AI News, BOOK REVIEW: Sarcasm Detection with Machine Learning in Spark

Sarcasm Detection with Machine Learning in Spark

This post is inspired by a site I found whilst searching for a way to detect sarcasm within sentences.

This search led me to the above link site where the author Mathieu Cliche cleverly came up with the idea of using tweets as the training set.

However searching for tweets that contain the hastag #sarcasm or #sarcastic would provide me with a vast amount of training data (providing a good percentage of those tweets are actually sarcstic).

Using that approach as the basis, I developed a Spark application using the MlLib api that would use the Naive Bayes classifier to detect sarcasm in sentences - This post will cover the basics and I will be expanding on this next time to utilise sarcastic tweets to train my model!

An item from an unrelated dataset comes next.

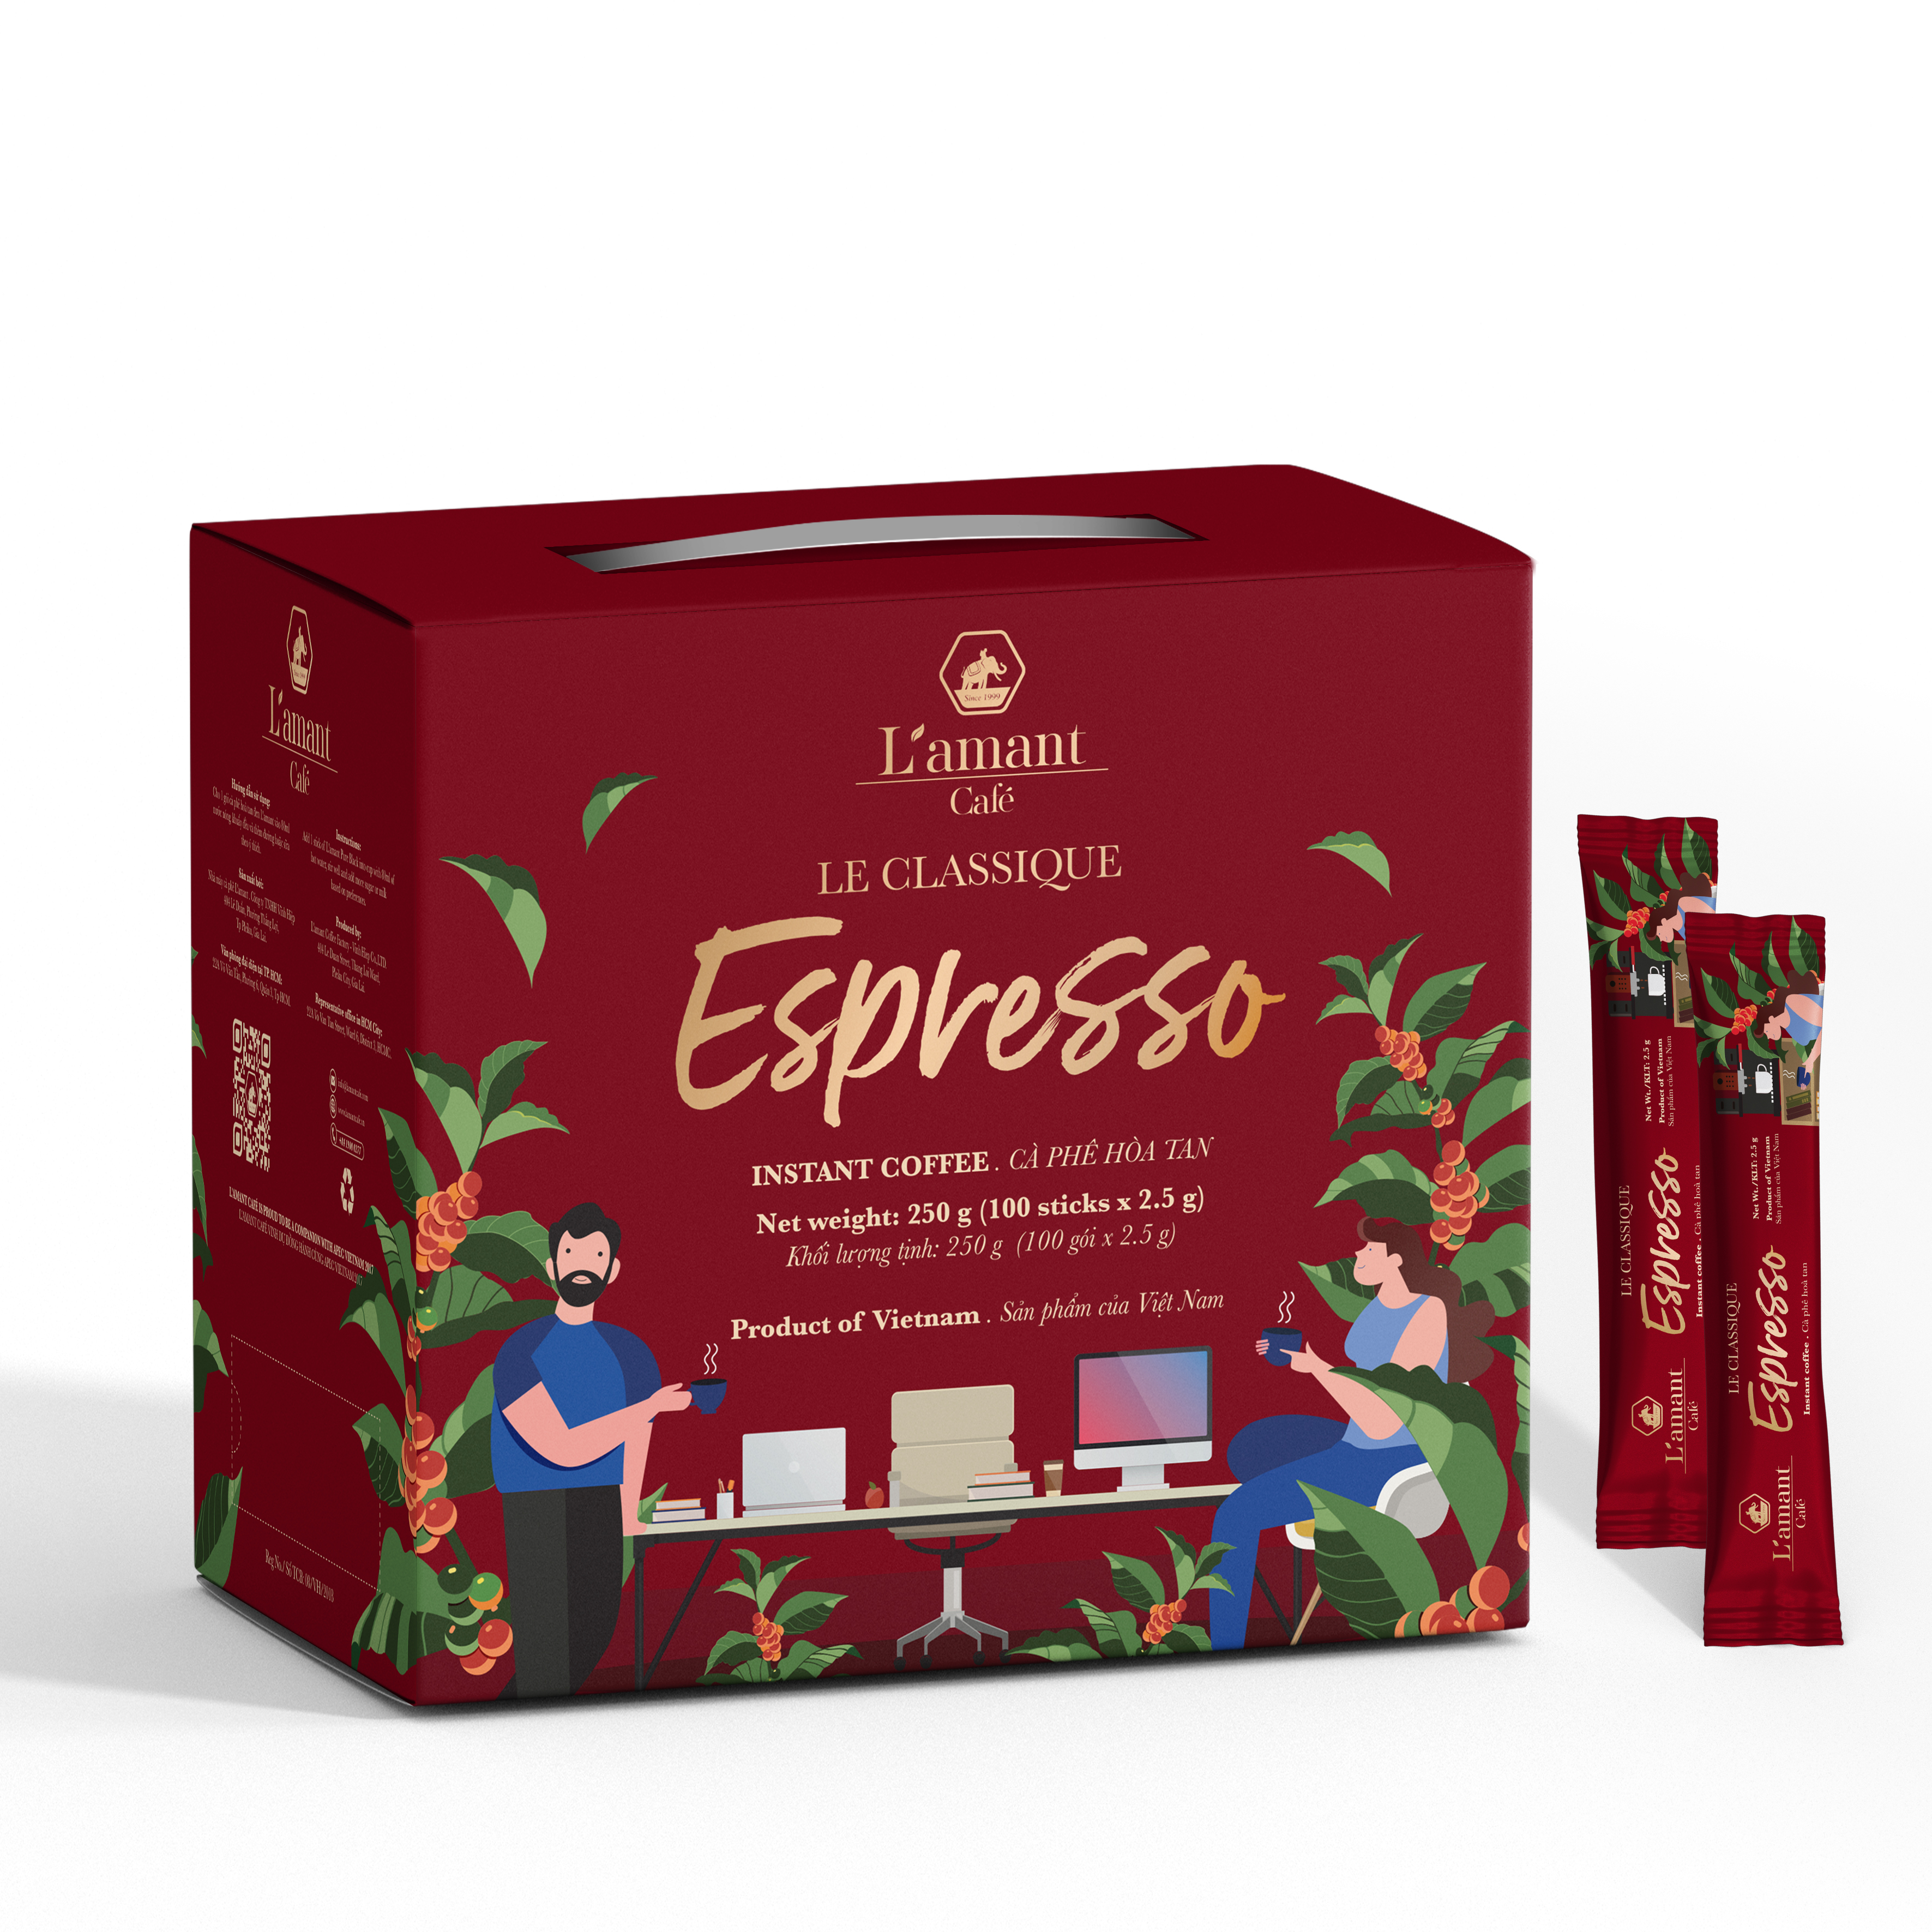 Cà phê hòa tan đen L'amant Espresso nguyên chất thơm ngon(Hộp 100 gói x 2,5gr)

The file should have 2 “columns”, the first for the label(I used 1 for a sarcastic row and 0 for a non sarcastic row) and the second for the sentence.

Create two data frames: each with 2 columns “label” and “text” - one data frame for the training data, the other for the test data.

This data can then be used by the algorithm to build a model allowing it to predict/guess whether a similar vector is also sarcastic (or not).

This will now build a model that can be used to classify new sentences - that the model has never seen before - as sarcastic or not sarcastic by seeing if the new sentence (when converted to a vector) is more similar to sarcastic vectors, or non sarcastic vectors.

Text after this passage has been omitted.